Novartis' former weight loss med Sanorex at center of New Jersey pharma chief's guilty plea

After being charged with deceiving the FDA last fall, purported New Jersey pharma CEO Alain Bouaziz had his day in court. Now, the 69-year-old French citizen faces up to five years in prison—plus a maximum fine of $250,000—over a plot to get his hands on Novartis’ former weight loss med Sanorex.

Bouaziz submitted forged documents and made false statements to the FDA in a bid to “fraudulently gain control of Sanorex,” a stimulant-based weight loss drug that Novartis pulled from the market more than 10 years ago, the DOJ says. The Swiss pharma’s Sanorex withdrawal didn’t have to do with safety or effectiveness, according to a federal register determination.

Bouaziz, who is also a resident of the United Arab Emirates, pled guilty to the November 2021 charges in a Newark federal court this month, according to a recent release from the U.S. Department of Justice (DOJ).

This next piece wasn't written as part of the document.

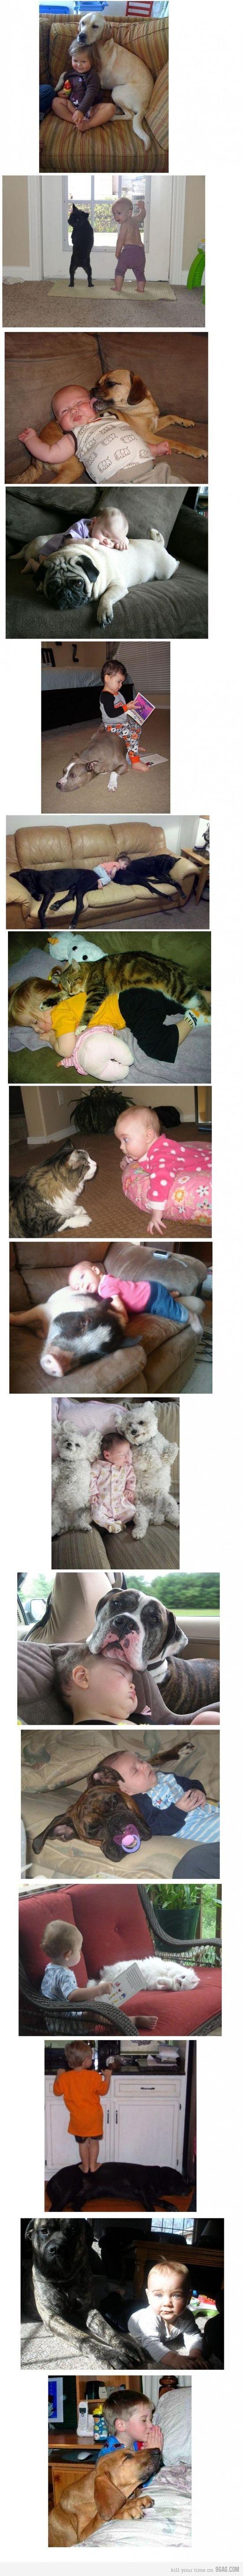 love animals tooo much

Bouaziz “represented himself” as the chief executive of Hexim Pharmaceuticals, which lists its headquarters in Secaucus, New Jersey, according to legal filings and court statements cited in the DOJ release. Hexim previously went by the name Alkopharma USA.

Around October 2009—the same year Sanorex was officially removed from U.S. shelves—Hexim, then known as Alkopharma, had bought from Novartis the rights to a different drug in Europe, according to the federal case against Bouaziz.

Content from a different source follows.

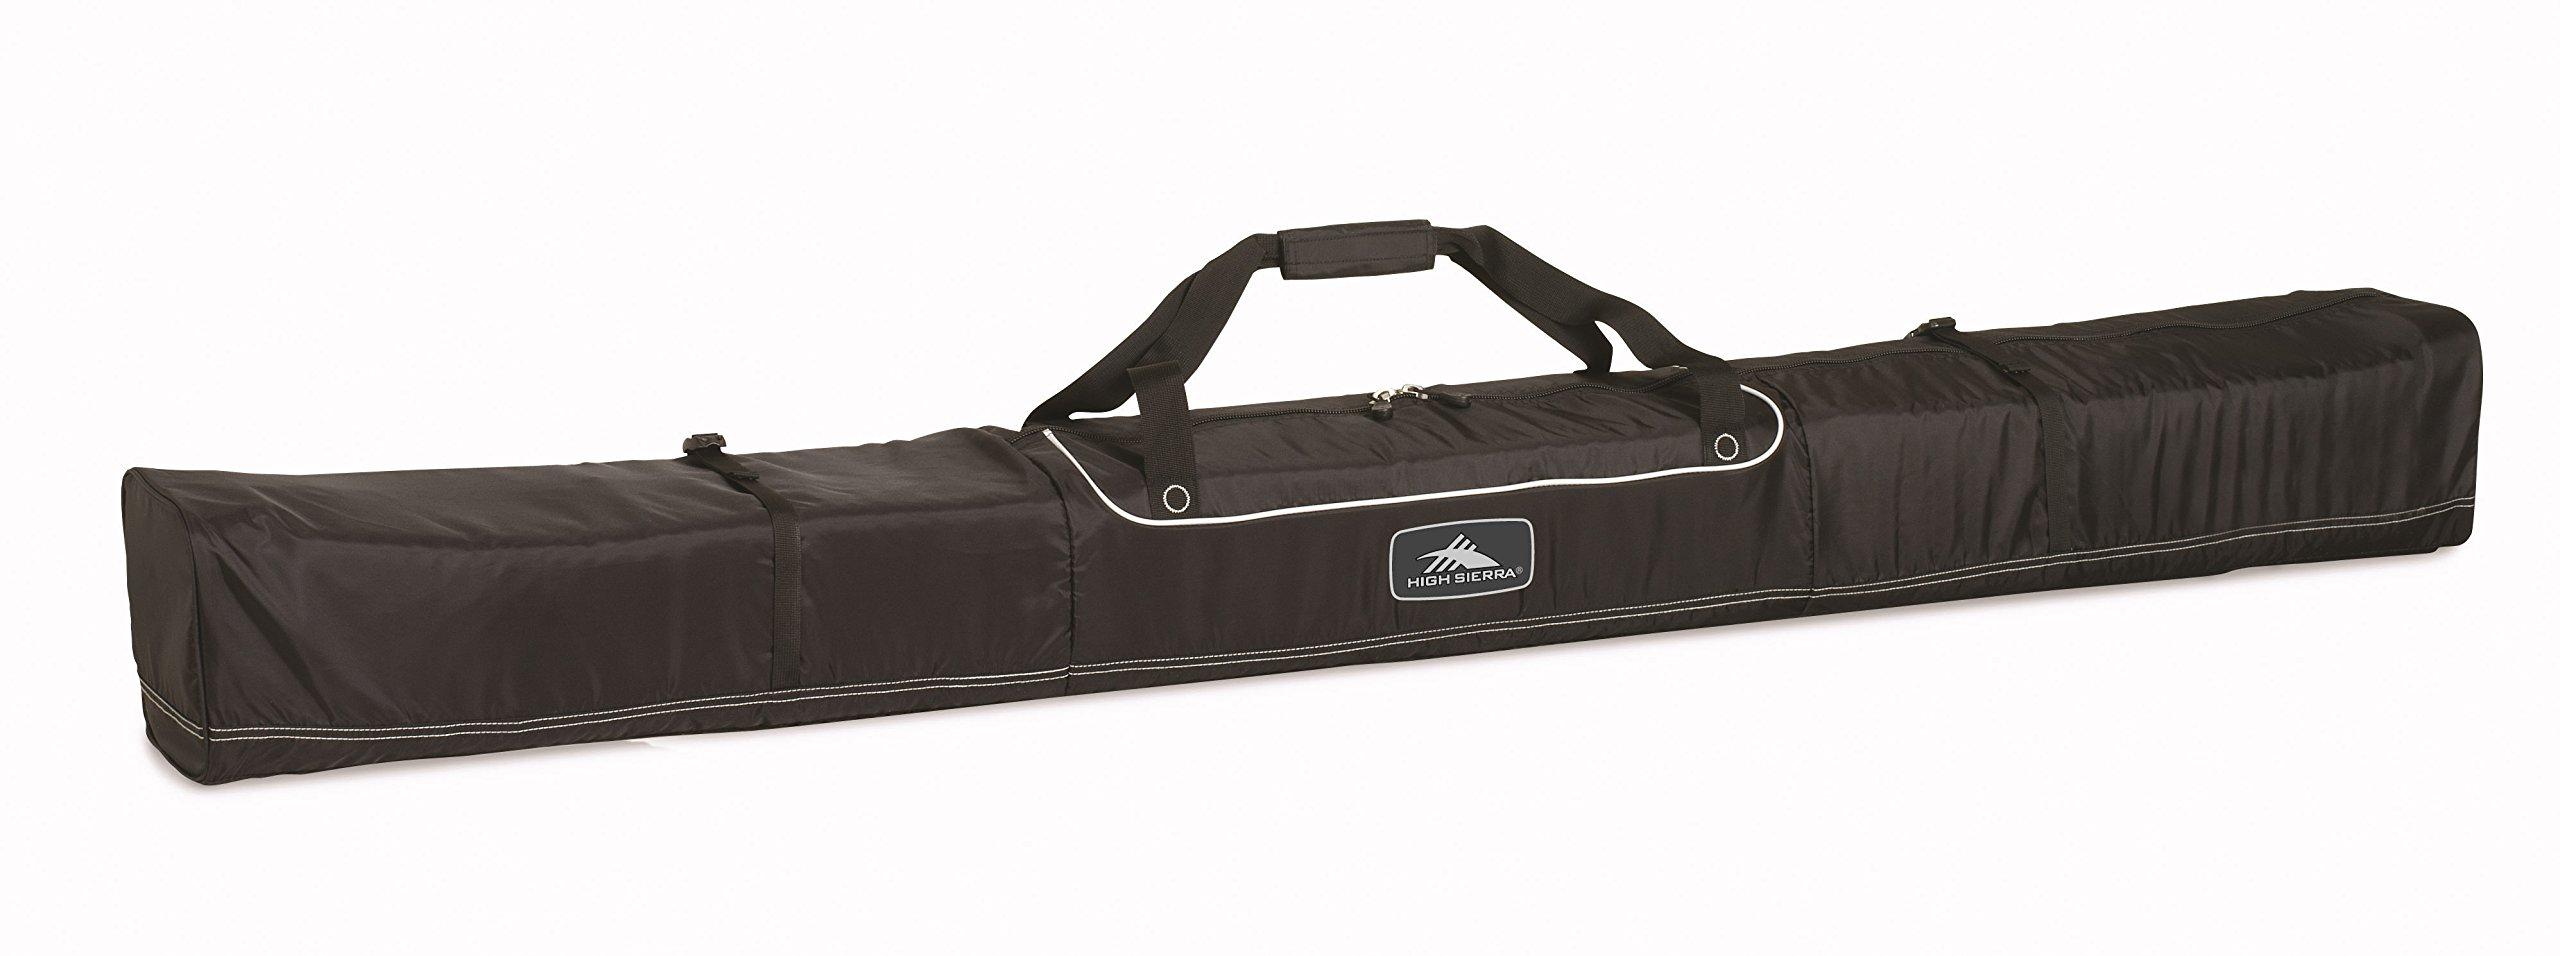 High Sierra Basic Ski Bag -Unpadded Ski Bag, Black - Large 185Cm by High Sierra

Then, starting in 2018, Bouaziz sent letters and documents via email and in hard copy to the FDA falsely stating Hexim had purchased the new drug application for Sanorex. In turn, the company also asked the regulator to schedule a meeting to discuss the drug's status in the U.S. At no point did Hexim or Alkopharma own the rights to distribute Sanorex, DOJ notes.

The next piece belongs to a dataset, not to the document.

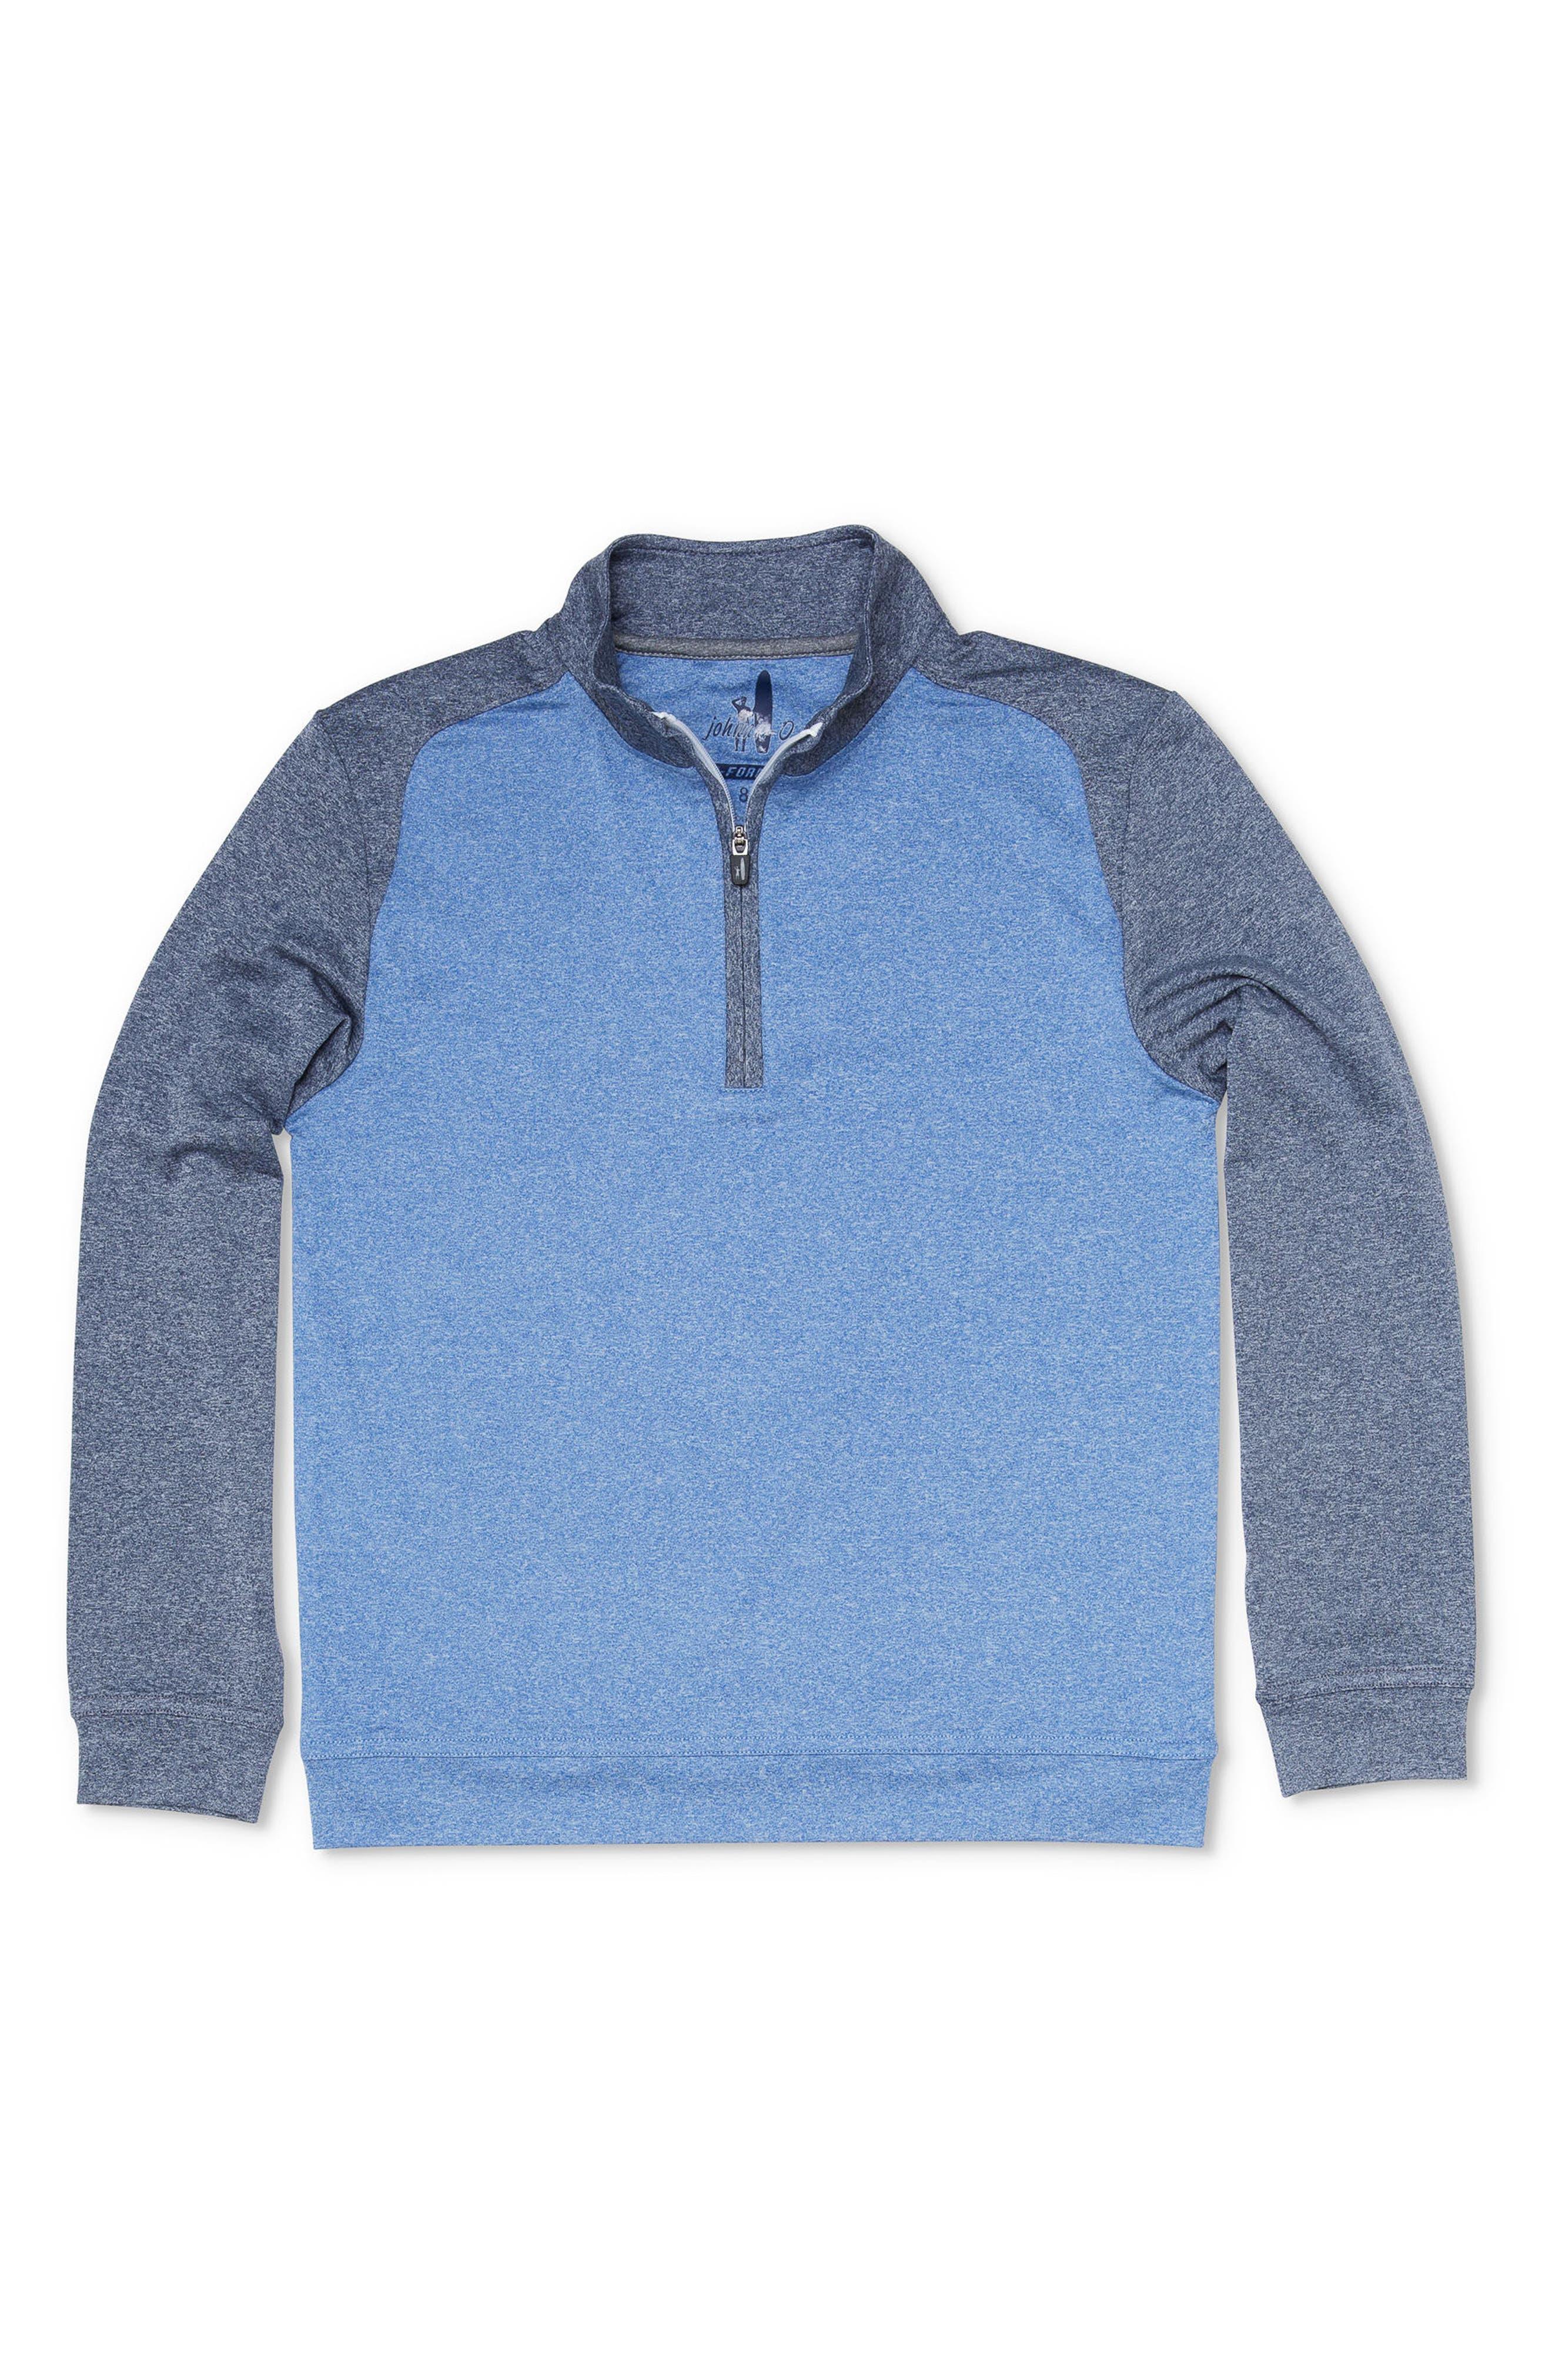 johnnie-o Sway Quarter Zip Pullover (Little Boys & Big Boys)

In one instance, a document sent to the FDA by Bouaziz altered an earlier agreement between Alkopharma and Novartis “to purport to show a sale of Sanorex to Hexim,” DOJ said in a release last year when it lodged its charges against Bouaziz.

For making false statements to the FDA, Bouaziz faces up to five years in prison. He’ll also be on the hook to pay a maximum fine of $250,000 or twice the gross gain or loss caused by the offence, depending on whichever is greatest, the DOJ explained.

Sentencing in Bouaziz's case is schedule for Dec. 14.

The DOJ has had a busy few years busting up pharmaceutical malfeasance. Back in May, pharmacy operator Arkadiy Khaimov was sentenced to 51 months in prison for defrauding an unnamed pharmaceutical manufacturer of roughly $7.2 million. Khaimov’s scheme revolved around the submission of bogus claims under the manufacturer’s co-pay coupon program, DOJ said at the time. 

Last summer, meanwhile, Racho Jordanov and Rose Lin, the two co-founders and former top execs at Taiwanese outfit JHL biotech, pled guilty to charges of wire fraud and conspiring to steal trade secrets from Roche's Genentech.

Novartis has found itself in the DOJ's sights in recent months. Back in September, the Swiss pharma was slapped with a request from the DOJ asking for information about the marketing and pricing of heart failure med Entresto from 2016. That DOJ subpoena, which doesn't indicate a formal litigation process, came a year after Novartis wrapped up doctors’ kickback allegations with a $678 million settlement.